# Need help, can't remove this toilet dual flush valve



## plumber703 (Jun 9, 2016)

I've an Ariel brand one piece European toilet, it comes with this WDI brand fill valve and dual flush valve. Does anyone know to remove the dual flush valve as seen in the attached pictures? There are 2 clips near the bottom of it as shown in one of the pictures below. I have tried the following method as seen in a couple of videos on youtube- turn to the right or left and LIFT up but it doesn't come out. Please help


----------



## ShtRnsdownhill (Jan 13, 2016)

just smash the tank with a hammer and replace...nothing to it...


----------



## plumber703 (Jun 9, 2016)

ShtRnsdownhill said:


> just smash the tank with a hammer and replace...nothing to it...


Thx, sounds easy enough


----------



## Debo22 (Feb 15, 2015)

Those are tough, it has reverse threads. I usually use a 36" pipe wrench turning right.


----------



## ShtRnsdownhill (Jan 13, 2016)

plumber703 said:


> Thx, sounds easy enough


I guess you have problems with reading instructions, that could be your problem..are you even a plumber???


----------



## plumber703 (Jun 9, 2016)

Debo22 said:


> Those are tough, it has reverse threads. I usually use a 36" pipe wrench turning right.

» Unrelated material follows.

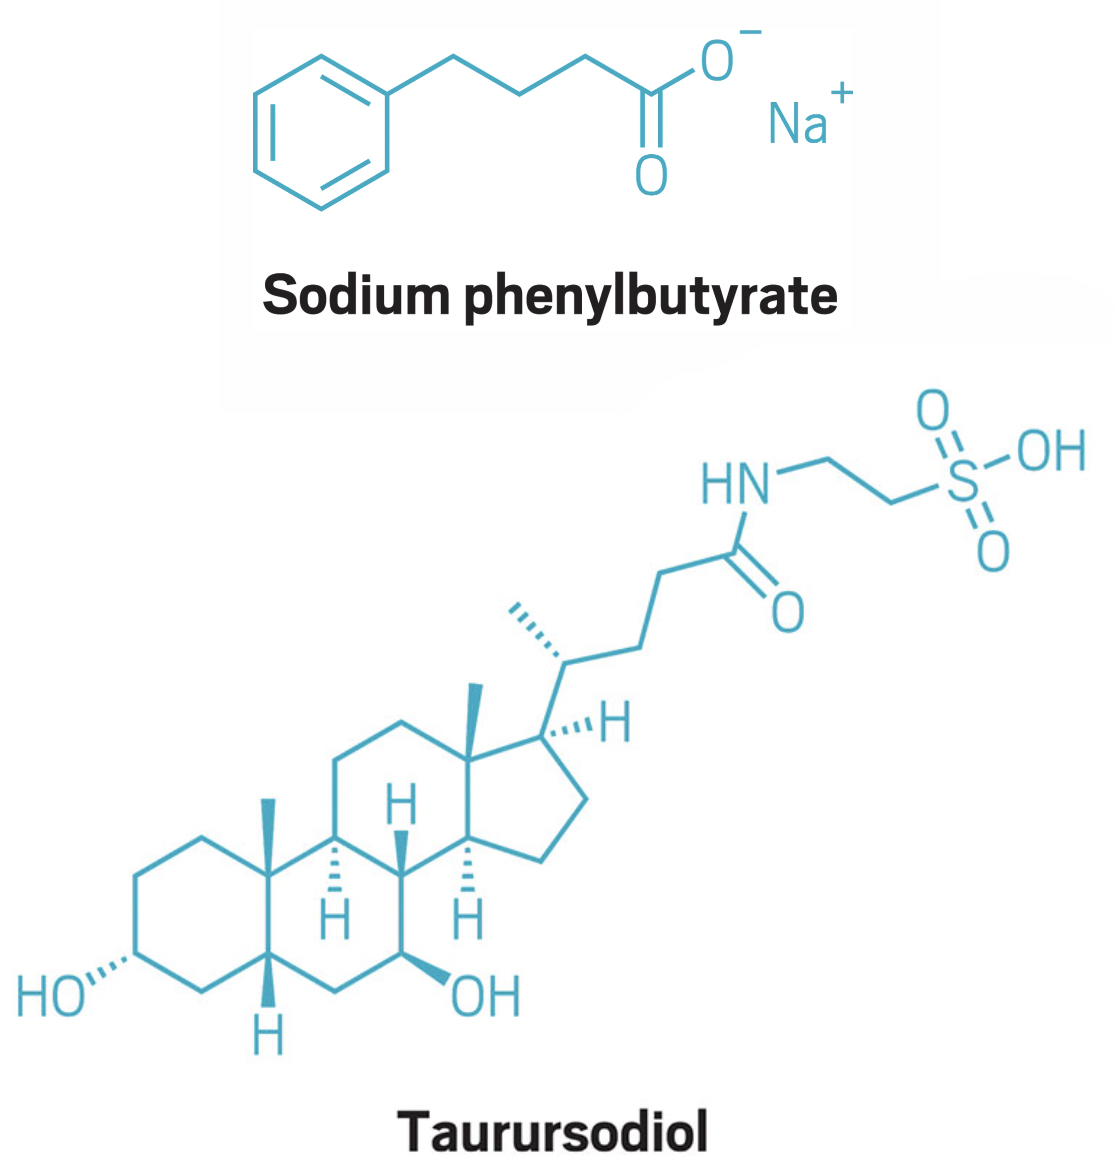 Structures of Sodium phenylbutyrate and Taurursodiol.

The dual flush valve has 2 pieces. I was just trying to remove the top piece, not the bottom piece which mounted to the tank.


----------



## newyorkcity (Nov 25, 2010)

*Who says you can't learn from a forum...*


----------



## rjbphd (Feb 5, 2010)

plumber703 said:


> I've an Ariel brand one piece European toilet, it comes with this WDI brand fill valve and dual flush valve. Does anyone know to remove the dual flush valve as seen in the attached pictures? There are 2 clips near the bottom of it as shown in one of the pictures below. I have tried the following method as seen in a couple of videos on youtube- turn to the right or left and LIFT up but it doesn't come out. Please help


Time for you to leave, Mr Handyman. ...


----------



## Tommy plumber (Feb 19, 2010)

Thread closed.


----------